Pierre Attaingnant, a French music printer, published collections of dances and songs between 1528 and 1549. They were sold in sets of four part-books containing popular court dances of the time (pavanes, galliards, basse danses, etc.). We open the concert with a basse danse, La Brosse (The Brush), which, as we “dance”, demonstrates many of the instruments you will be hearing: pipe-and-tabor, recorders, crumhorns, cornetto, sackbut and vielle.
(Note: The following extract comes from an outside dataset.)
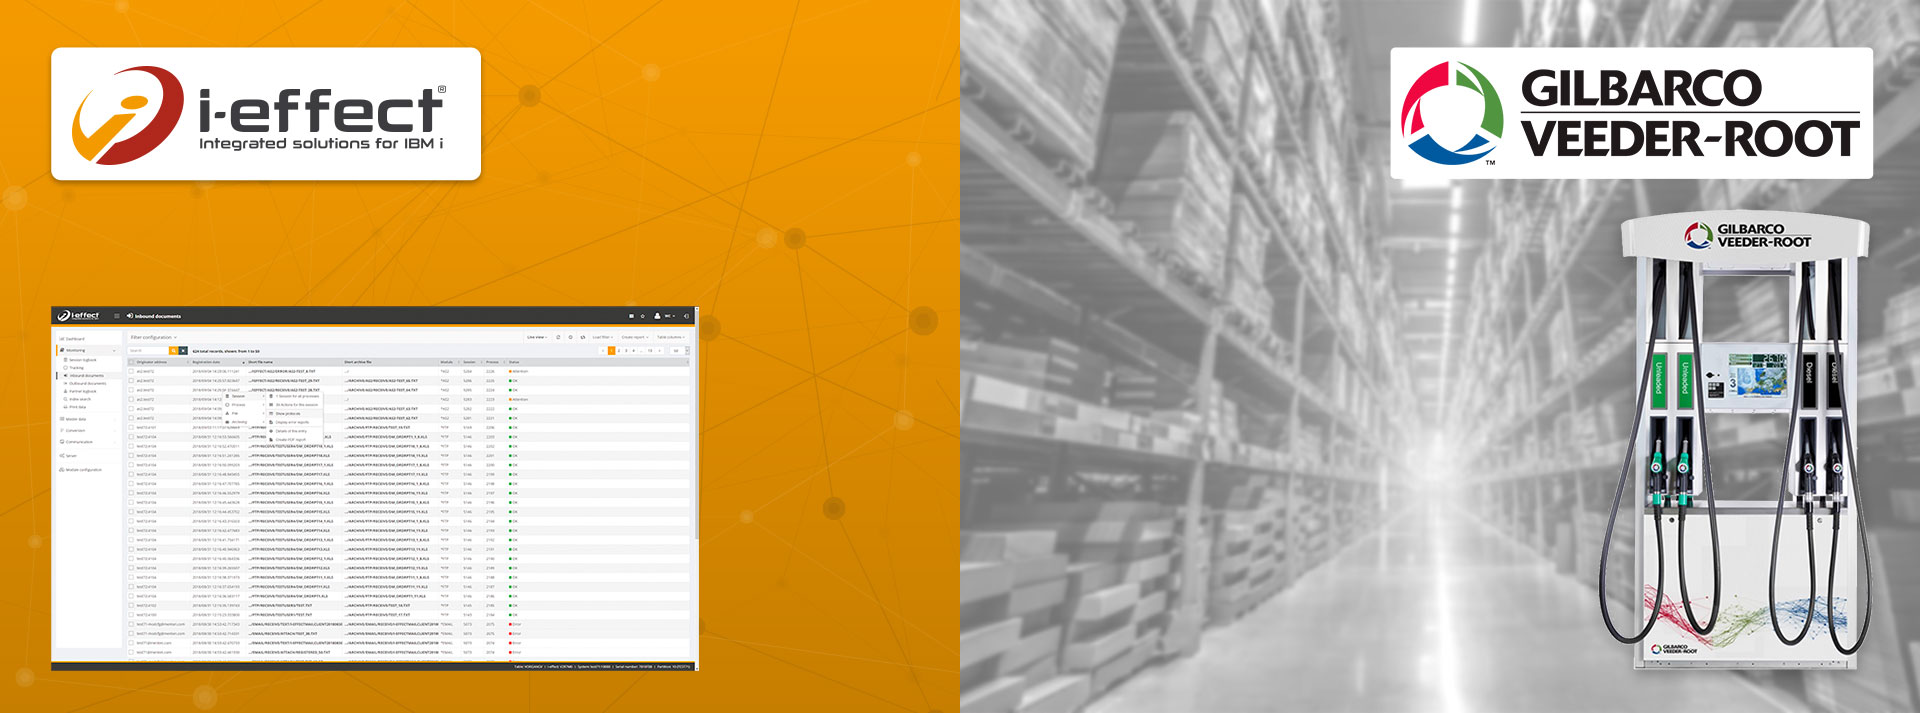 Gilbarco EDI Software Kommunikation ohne Tempolimit

The music in the second set is from Germanic song collections from the 15th and 16th centuries. The text for Ich far dohin is: “I must depart from here; it is my fate. I must leave my dearest.” For Ich stund an einem Morgen ( “I stood one morning in a secret place, where I heard words of lamentation from a fair and gentle lady…”) we have chosen two of many settings of this lovely tune. In the first, the tune can be heard played by the cornetto, hovering slowly over the more active lower parts. In the second, the tune is used in imitation. La la ho ho must have been an in-joke between Isaac and some musician or patron friends. Conrad Paumann used the folk song, Mit ganczem Willen, as the basis for an improvisation which he included in his tutor for organ, Fundamentum Organisandi from1452. We have re-arranged and re-orchestrated that version.
Allan Dean couldn’t resist making a jazz waltz out of Ich far dohin.
L’homme arme – Oh, the man, the man at arms
doibt on doubter – Fills the folk with dread alarms
On a fait partout crier – Everywhere I hear them wail,
Que chascun se viegne armer – “Find, if you would breast the gale
d’un haubrigon de fer. – A good stout coat of mail.”
These are the words of one of the most famous tunes of the musical world of the Renaissance. Obscure in origin, it became the cantus firmus for over 30 masses as well as settings of secular pieces from around 1450 to the end of the 16th century. CALLIOPE has also found the tune irresistible for an improvisatory set of variations.
After “arming the man”, CALLIOPE will swing.